Rejecting the perception that the Whole Place schemes mean the creation of a single ‘pot of money’ for each locality, Tizard argued that this approach is as interested in how to strategically align budgets and decision making according to the particular needs and characteristics of a place. Nor does this mean totally local decision making, but rather recognises a role for central priorities and resource allocation.
It was suggested that a number of factors currently restrain the potential of this approach. In particular, the absence of a consensual debate about national entitlements makes it difficult to discuss meaningfully what should be left to local discretion and what should not. In addition, Tizard argued that the future success of Whole Place budgeting would rely on a quality of leadership capable of challenging vested interests and institutional boundaries, as well as the willingness of Whitehall to be properly involved in the transition to this approach.
Questions and discussion at this hearing focused on the appropriate level to which budget decisions should be devolved, and the practical and theoretical problems involved in doing so. In the context of making spending reductions it was felt that there had not been enough effort to coordinate the decisions of agencies at a local level. Some witnesses and commissioners felt this was a missed opportunity to further a Whole Place perspective during a period of disruption reconfiguration.
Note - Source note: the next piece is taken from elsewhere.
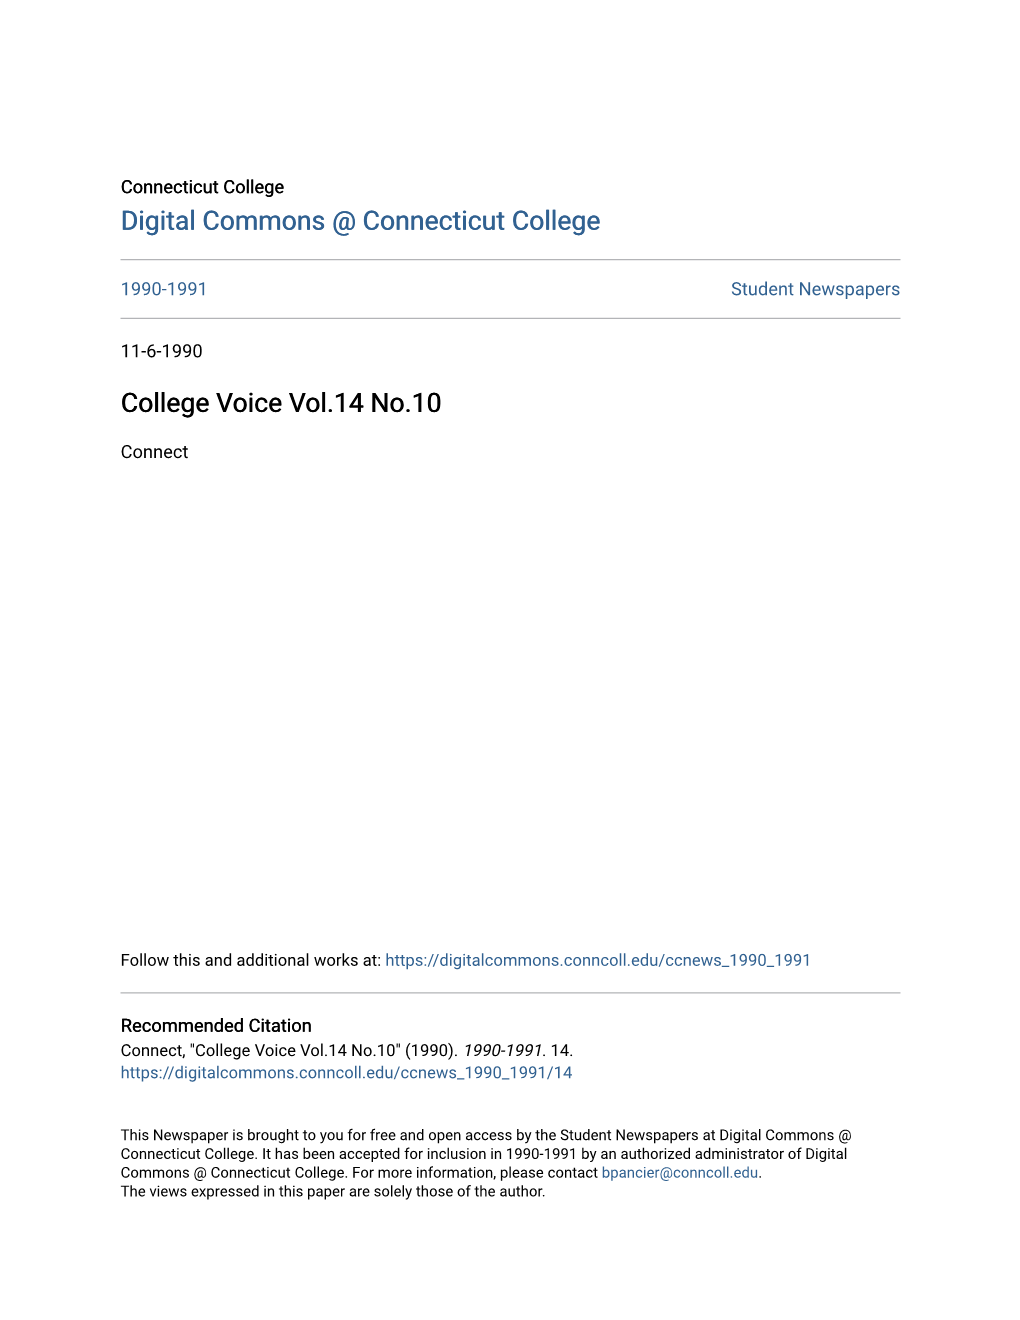 College Voice Vol.14 No.10

Later discussion touched in more depth on the barriers to a more devolved approach to budget setting and service design, given the apparent level of agreement about the virtues of a more local approach. Whether Whitehall is the only actor to consider in this respect was challenged, with some participants suggesting greater reassurance about the long term commitment to the Whole Place perspective was required in order for it to flourish. Others raised concerned about large scale devolution of power from the centre, asking whether an acceptable level of accountability existed away from the centre in order to ensure the standard of outcomes that we expect.